As mentioned above, the systemic biomarkers commonly utilised clinically for short-term prediction and diagnosis of preeclampsia include the markers of angiogenesis, sFlt1 and PIGF39. In line with the importance of impaired angiogenesis in the pathogenesis of preeclampsia, we discovered a series of angiogenic proteins, differentially regulated by EOPE or LOPE including: (i) ITIH28 only perturbed in LOPE compared to control; (ii) ITIH3&4 and (iii) IGFBP49,10,11,12, all perturbed in EOPE or LOPE, compared to controls. Interestingly, in the discovery/untargeted proteomics sample set, HRG was upregulated in both EOPE and LOPE, whereas in the validation/targeted proteomics sample set, HRG was upregulated in EOPE and downregulated in LOPE, compared to controls. HRG was also differentially abundant between EOPE versus LOPE. This was unexpected however it could be due to factors such as differences in the peptide selection in targeted vesus untargeted proteomics. Aligned to our findings, HRG was previously shown to be significantly higher in placental tissues from women following diagnosis of EOPE20, whereas there appear to be no available reports looking specifically at its regulation in LOPE. On the other hand, early in pregnancy in women who later proceeded to develop preeclampsia (EOPE and LOPE grouped together), HRG was lower than in normal pregnancies18. The biomarker and therapeutic target potential of HRG should be confirmed in future studies in both EOPE and LOPE. Differences in angiogenic profile between EOPE and LOPE are consistent with Schaarschmidt et al.’s study40, where the progressive increase of sFlt1 and sFlt1/PIGF ratio was more prominent in EOPE than LOPE. Therefore, it is likely that higher levels of these biomarkers are more representative of EOPE, which should be explored in the future. Other angiogenesis-related biomarkers recently identified, FKBPL and CD44, appear to be associated with both types of preeclampsia41. Our study is one of the first studies to provide molecular insights at the proteome level related to angiogenic pattern between EOPE and LOPE, and healthy controls in the same study.

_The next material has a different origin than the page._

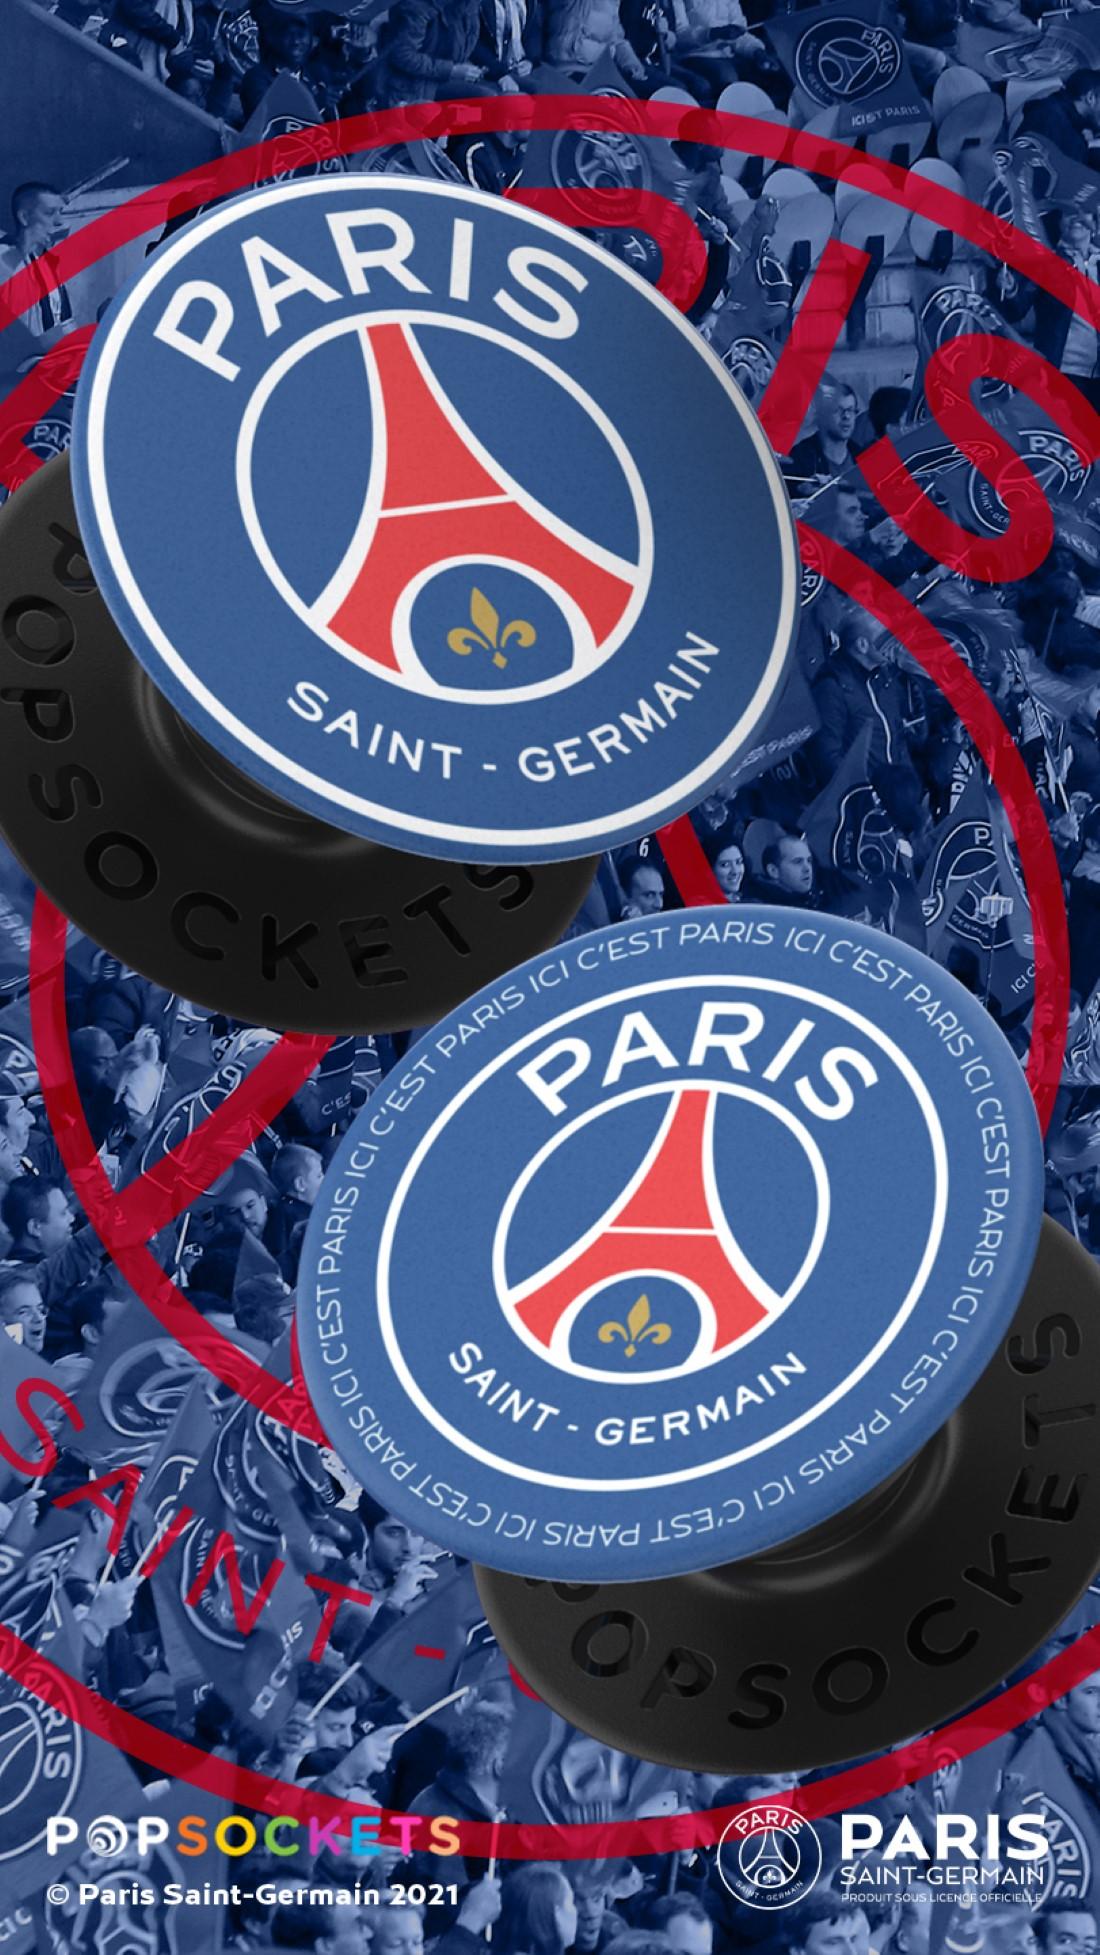 Paris Saint-Germain x Popsockets

Our proteomics analysis identified the angiogenic IGF signalling pathway as perturbed in both EOPE and LOPE, compared to healthy controls. There is strong evidence supporting the role of this regulatory pathway in maternal circulation in preeclampsia42. Dysregulation of the IGF pathway plays a role in inadequate trophoblast invasion of the maternal decidua, resulting in inappropriate placentation43. Considering the importance of the angiogenic balance, our findings provide a mechanistic insight into the complex interplay between pro- and anti-angiogenic factors of IGF signalling pathway in preeclampsia. IGFBP4, one of the core components of the IGF signalling pathway, was substantially increased in abundance in both EOPE and LOPE. The elevation of IGFBP4 levels is reflective of restrictive angiogenesis10,11. PAPPA2, a protease of IGFBP542, was also highly overexpressed in EOPE compared to control. Although a number of studies reported up-regulation of PAPPA2 in maternal circulation in preeclampsia44,45,46, we demonstrated the specific increase of PAPPA2 levels in EOPE, compared to healthy controls. We did not identify IGFBP5 in our plasma proteomics analysis, which could be due to the excessive cleavage by overexpressed PAPPA2. Likewise, the increase of PAPPA2 levels in maternal circulation may compensate for the suppression of IGF signalling pathway due to up-regulated IGFBPs, which was also suggested by Nishizawa et al.’s study46. Whilst IGFBP4 and PAPPA2 were not on the list of validated proteins, the results are convincing given the plethora of data already available related to these proteins in preeclampsia, which are also aligned to our findings.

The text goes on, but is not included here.